Bloom filters are a nice data structure, and you should absolutely have them in your toolbox, but if you go looking for a reason to use one you are likely to wind up making things worse. The following is not valid reasoning: "Bloom filters are efficient. Therefore if I can find a way to use a bloom filter, my solution will be efficient."

The "SSH keys" protocol in the article seems like an example of this. It doesn't make any sense. Why would the server send the client a Bloom filter if the client has already told it what key it wants to check? The server only has to send one bit back to the client! And if the goal is to not trust the server with the client's (public) key, this protocol doesn't accomplish that either.

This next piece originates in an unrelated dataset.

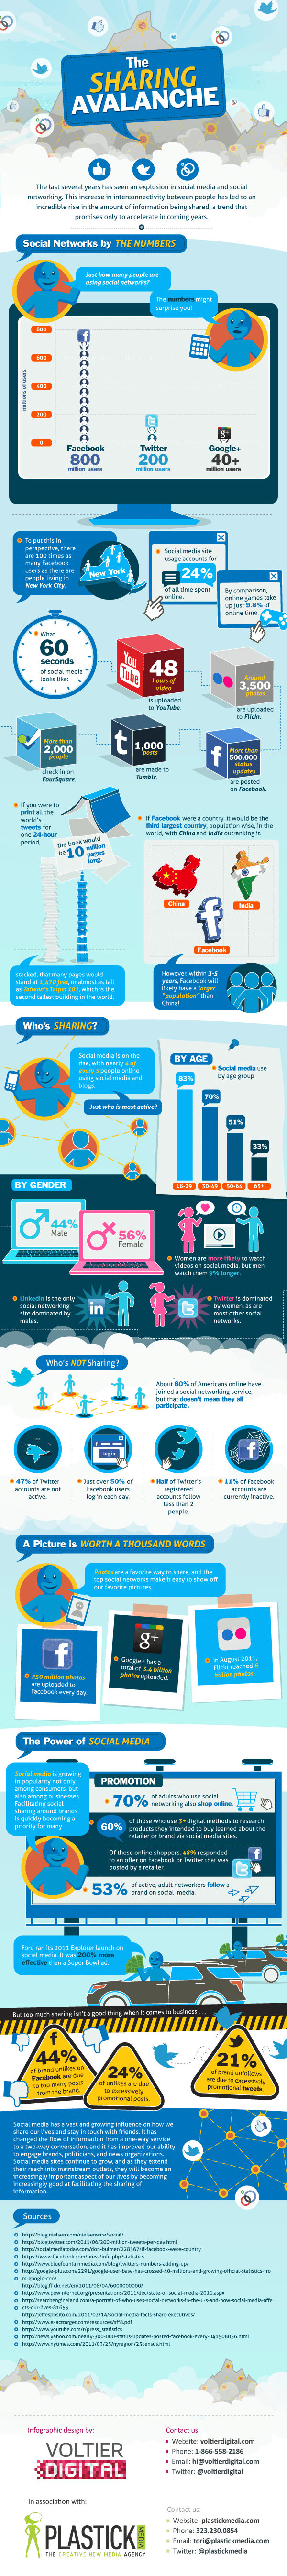 Social sharing infographic

And if you do for some reason have to transmit the entire database of compromised SSH keys in a way that permits only membership tests, a Bloom filter isn't the most compact way to do it! For example, off the top of my head, you could calculate an (15+N)-bit hash for each element of the list, sort the hashes, and rice code the deltas. That would take very roughly 32768 * (N+2) bits and give about 1 in 2^N false positives. So for N=13 it is about the size of the bloom filter in the article but gives a false positive rate 8 times lower. This data structure isn't random access like a Bloom filter, but that doesn't matter for something you are sending over the network (which is always O(N)).

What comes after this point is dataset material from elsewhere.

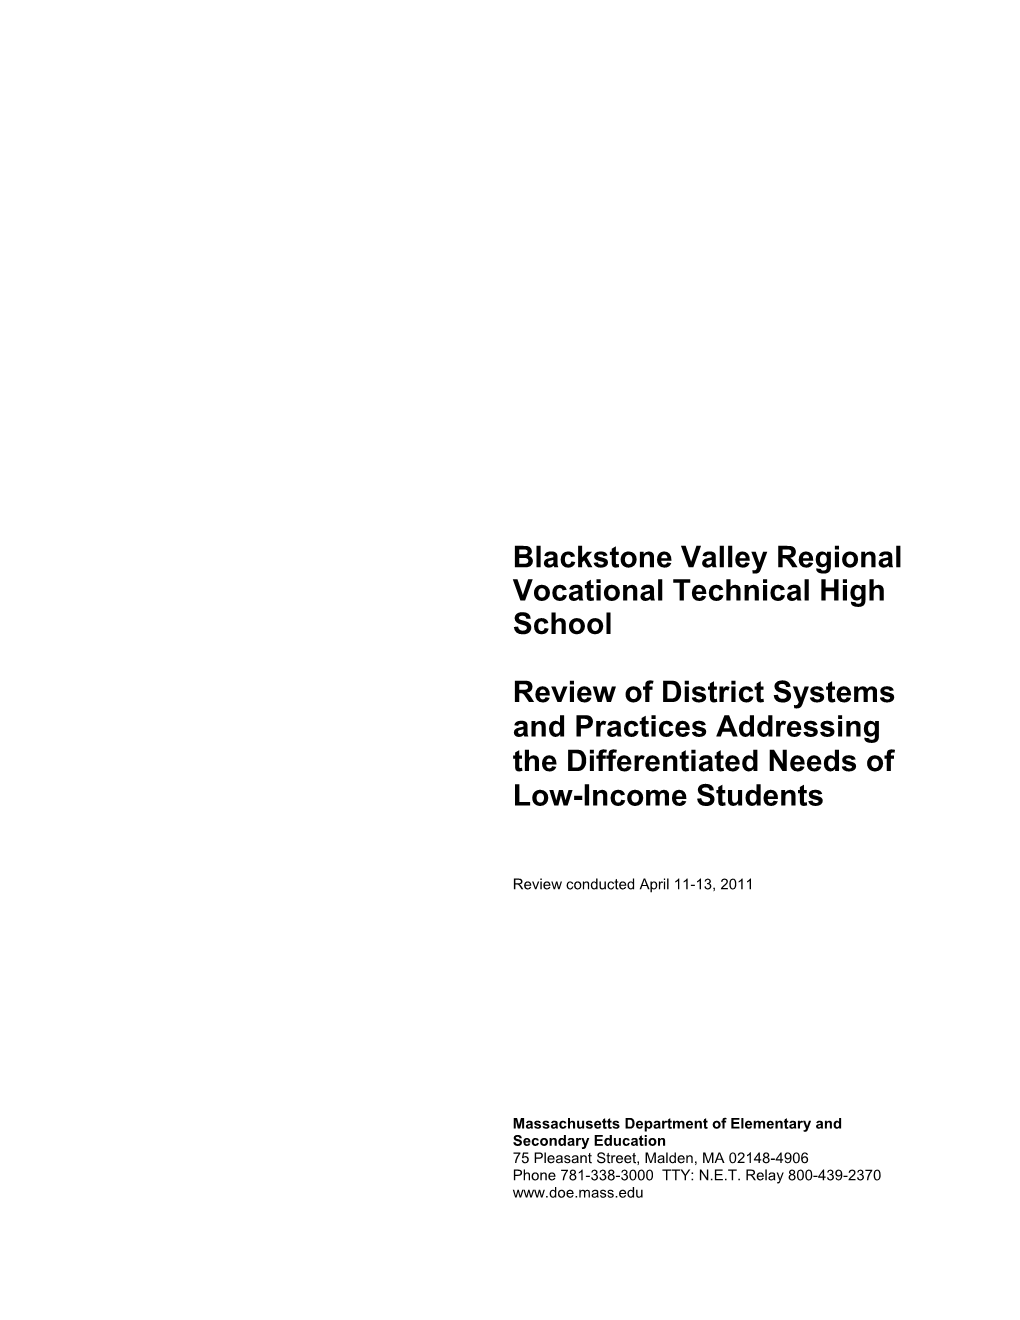 Blackstone Valley Differentiated Needs (Low-Income) Review Report, 2011 Onsite

> The server only has to send one bit back to the client!

As much as the example is a bad one because it leaks server-side info to an unauthenticated client, I've had scenarios where if you have > 3 ssh keys in your key-chain all ssh login attempts fail after 3 keys are tried & cause failures. I end up writing ~/.ssh/config entries; a lot of them for the client to remember which key to try first.

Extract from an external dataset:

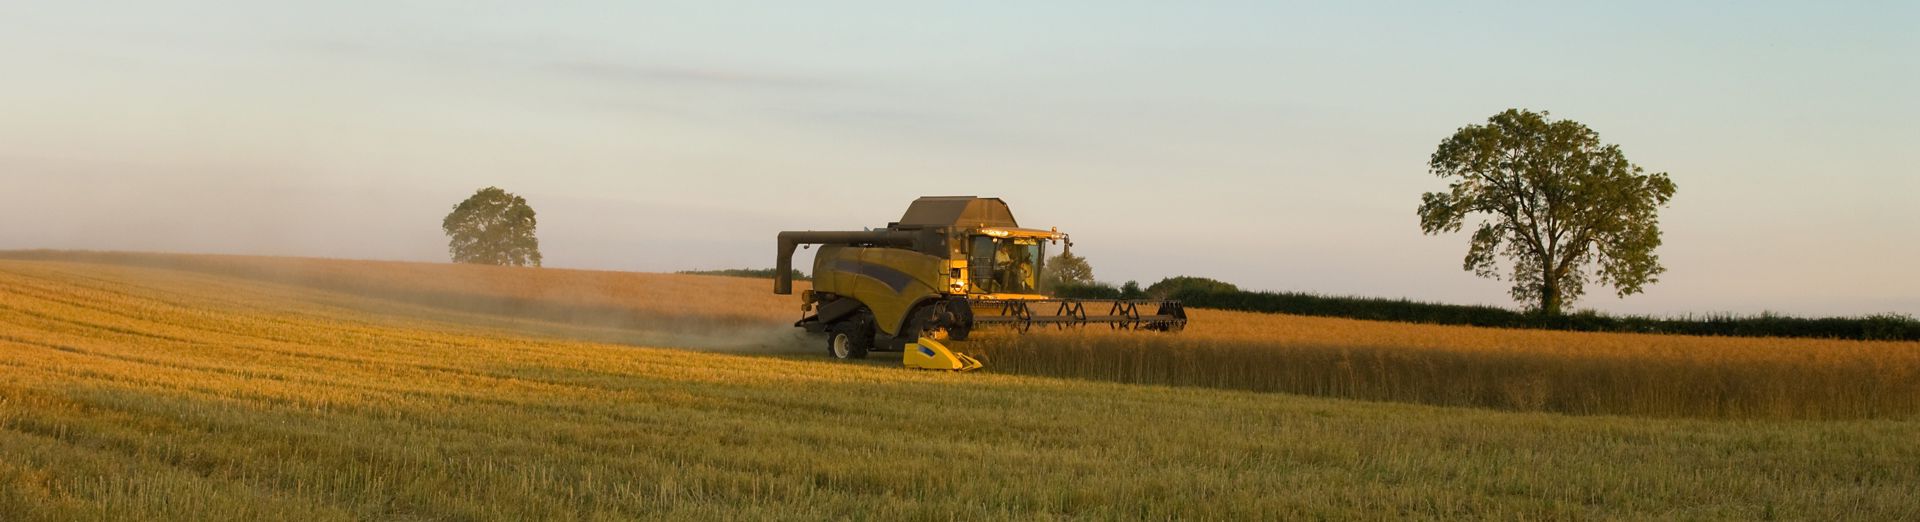 Image of a combine in a wheat field, representing the agribusiness industry

My favourite real-life bloom-filter story is the "unsafe URLs" list that is in Chrome - the "Safe Browsing Bloom" is a neat way to send out obscured information about the bad URLs without actually handing out a list to a user. The web URLs or domains which find a match in this, do need to be checked upstream, but it avoids having to check for every single request with a central service.

On a similar note, been playing with a variant of bloom filters at work called a Bloom-1 filter [1] which works much faster than a regular bloom filter which has a lot of random memory access for 1 bit reads.

[1] - https://github.com/prasanthj/bloomfilter/blob/master/core/sr...


> The "SSH keys" protocol in the article seems like an example of this. It doesn't make any sense. Why would the server send the client a Bloom filter if the client has already told it what key it wants to check? The server only has to send one bit back to the client! And if the goal is to not trust the server with the client's (public) key, this protocol doesn't accomplish that either.

There is a footnote on the sequence diagram that the key is not sent to the server on the initial request. Rather the client just does a simple GET. Since it's just sending a static file the client could cache the bloom filter.


+1 insightful and educational -- in more ways than one!

> "sort the hashes, and rice code the deltas"

Being quite sure that wasn't a racial slur, I looked it up:

> "Rice coding (invented by Robert F. Rice) denotes using a subset of the family of Golomb codes to produce a simpler (but possibly suboptimal) prefix code. Rice used this set of codes in an adaptive coding scheme; "Rice coding" can refer either to that adaptive scheme or to using that subset of Golomb codes." (https://en.wikipedia.org/wiki/Golomb_coding)


When I first heard of Bloom filters, I thought of the Bloom effect - https://en.wikipedia.org/wiki/Bloom_(shader_effect) - and we used to call these things filters for a while - then friend of mine told me about the other meaning :)


I think the first thing any article about Bloom filters should mention is that they were invented by a guy named Burton Bloom. They don't have anything to do with "blooming" of any sort.

Very similar with Shellsort, which was designed by Donald Shell.


I always thought it was called shell sort because it invoked the image of a shell game and the pointer was like a shell covering the array element!!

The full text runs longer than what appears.